Federal and State Regulators Coming for your Tomatoes
If you like fresh tomatoes – not the mummified ones you get in the grocery store – you’d better pay attention. The feds are coming for your farm-fresh produce. And not only tomatoes, but cucumbers, watermelons, corn – you name it. Thanks to “Produce Safety” rules issued under the Food Safety Modernization Act (FSMA), the federal government is rapidly expanding its control over growers and distributors of farm-fresh fruits and vegetables. Worse still, the feds are commandeering state agricultural departments to do their dirty work.
FSMA was signed into law in 2011 by President Obama, spawning a barrage of Food & Drug Administration (FDA) rulemaking that has increased costs for the entire U.S. food supply chain. The overall approach embodied by FSMA is that government bureaucrats know more about food safety than farmers and ranchers. The new law is costing U.S. taxpayers billions to fund new regulatory procedures, passing on these costs to farmers, consumers, and taxpayers in the form of increased fines, fees, and overall government spending. The Produce Safety rule alone, acknowledges the FDA, is going to cost American farms $366 million a year, and that is likely on the low end. American families will pay this tab in the form of higher prices for healthy fruits and vegetables.

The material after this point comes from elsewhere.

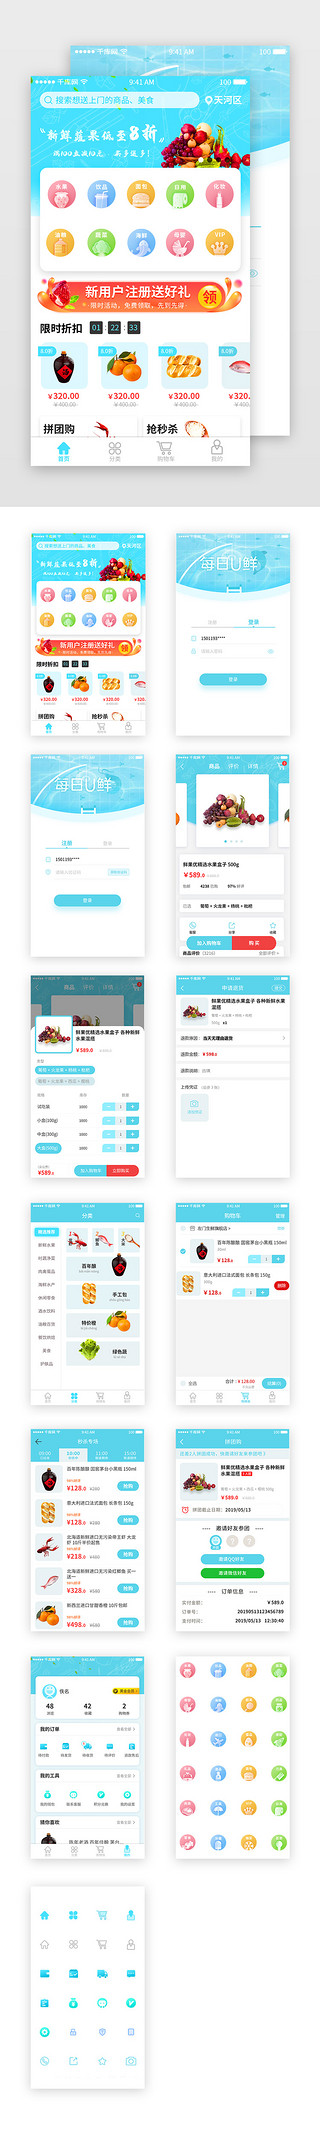 蓝色app套图UI设计素材_蓝色清新风生鲜电商购物APP套图

The ostensible purpose of FSMA is to provide “uniformity” to state and federal agricultural rules. Small farmers might say the real purpose is to put them out of business, to the benefit of Big Ag. In the end, however, small farmers and ranchers obtained some relief from FSMA’s heavy regulatory burdens. Today, FSMA provides exemptions for what are called “exempt or qualifiedly exempt” producers who gross more than half a million dollars annually and who sell more than half of their food directly to individual consumers and/or to restaurants and retailers within their state or within 275 miles of their farm.
Two bills (HB 665 and SB 2924) taken up this session by the Mississippi Legislature could nullify these federal exemptions – and much worse – by giving the state Department of Agriculture & Commerce enhanced authority to issue rules and regulations above and beyond the federal Produce Safety rule. Apologists for the legislation claim Mississippi has to pass these bills in order to implement the new federal rules. That does not explain, of course, why the department is seeking additional rulemaking authority. Moreover, if the purpose of FSMA is to bring uniformity to state agricultural rules it would make more sense to stick with the federal guidelines – instead of adding our own on top of that.

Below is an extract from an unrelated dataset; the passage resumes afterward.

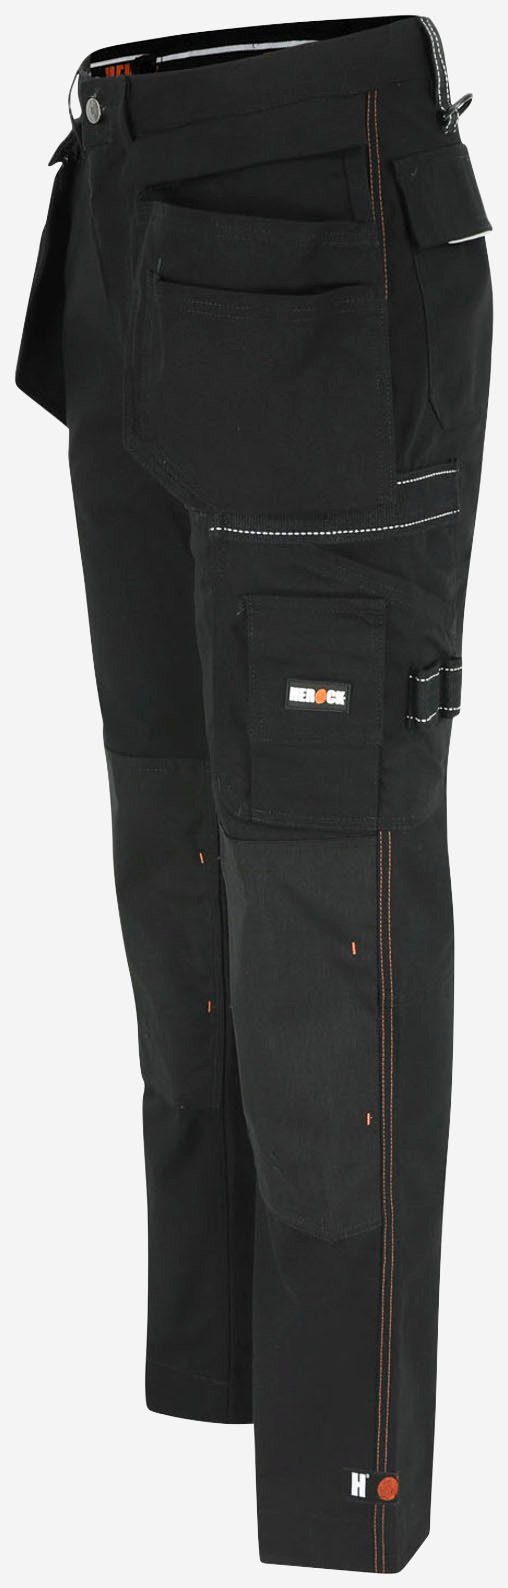 Nageltaschen Bund, verstellb. abzippb. Arbeitshose Hercules Hose schwarz Wasserabweisend, Multi-Pocket, Herock

It has also been said that the purpose of these bills is to prevent the FDA from coming into Mississippi to enforce FSMA. But under the U.S. Constitution, as well as state law, the federal government cannot simply “commandeer” state personnel and resources to enforce federal regulations. The feds also don’t have the manpower to enforce FSMA themselves. Instead, we are going to accept federal funding to enforce this bad law ourselves.
The first bill in question (SB 2924) passed quickly, very quickly, and has already been signed into law by the governor. It is not too late, however, to use the second bill – HB 665 – to protect Mississippi small farmers and ranchers. Thanks to amendments I offered in the Senate Agricultural Committee, HB 665 now conforms with federal law by maintaining the current federal exemptions for exempt or qualifiedly exempt producers. My amendments also deleted language that gave the state Department of Agriculture & Commerce power to literally shut down and bankrupt almost any farm. Already, the federal (and state) rules allow federal and state bureaucrats to inspect and “seize, condemn or destroy any produce that is being grown, kept, exposed for sale, held in possession or under the control of any person on a covered farm.”
It is hard to imagine why the Department of Agriculture would need more power than this to inspect and destroy produce on covered farms. What else do they want? The power to comb through tax records? The power to confiscate farm equipment? The power to arrest farmers and ranchers?
FSMA is already bad enough. If Mississippi is not going to help rollback its onerous regulations and help defend small farmers, we at least shouldn’t be making things worse. If you like your fresh tomatoes – or any kind of locally produced, farm-fresh fruits and vegetables – please ask your lawmaker to support HB 665 as amended.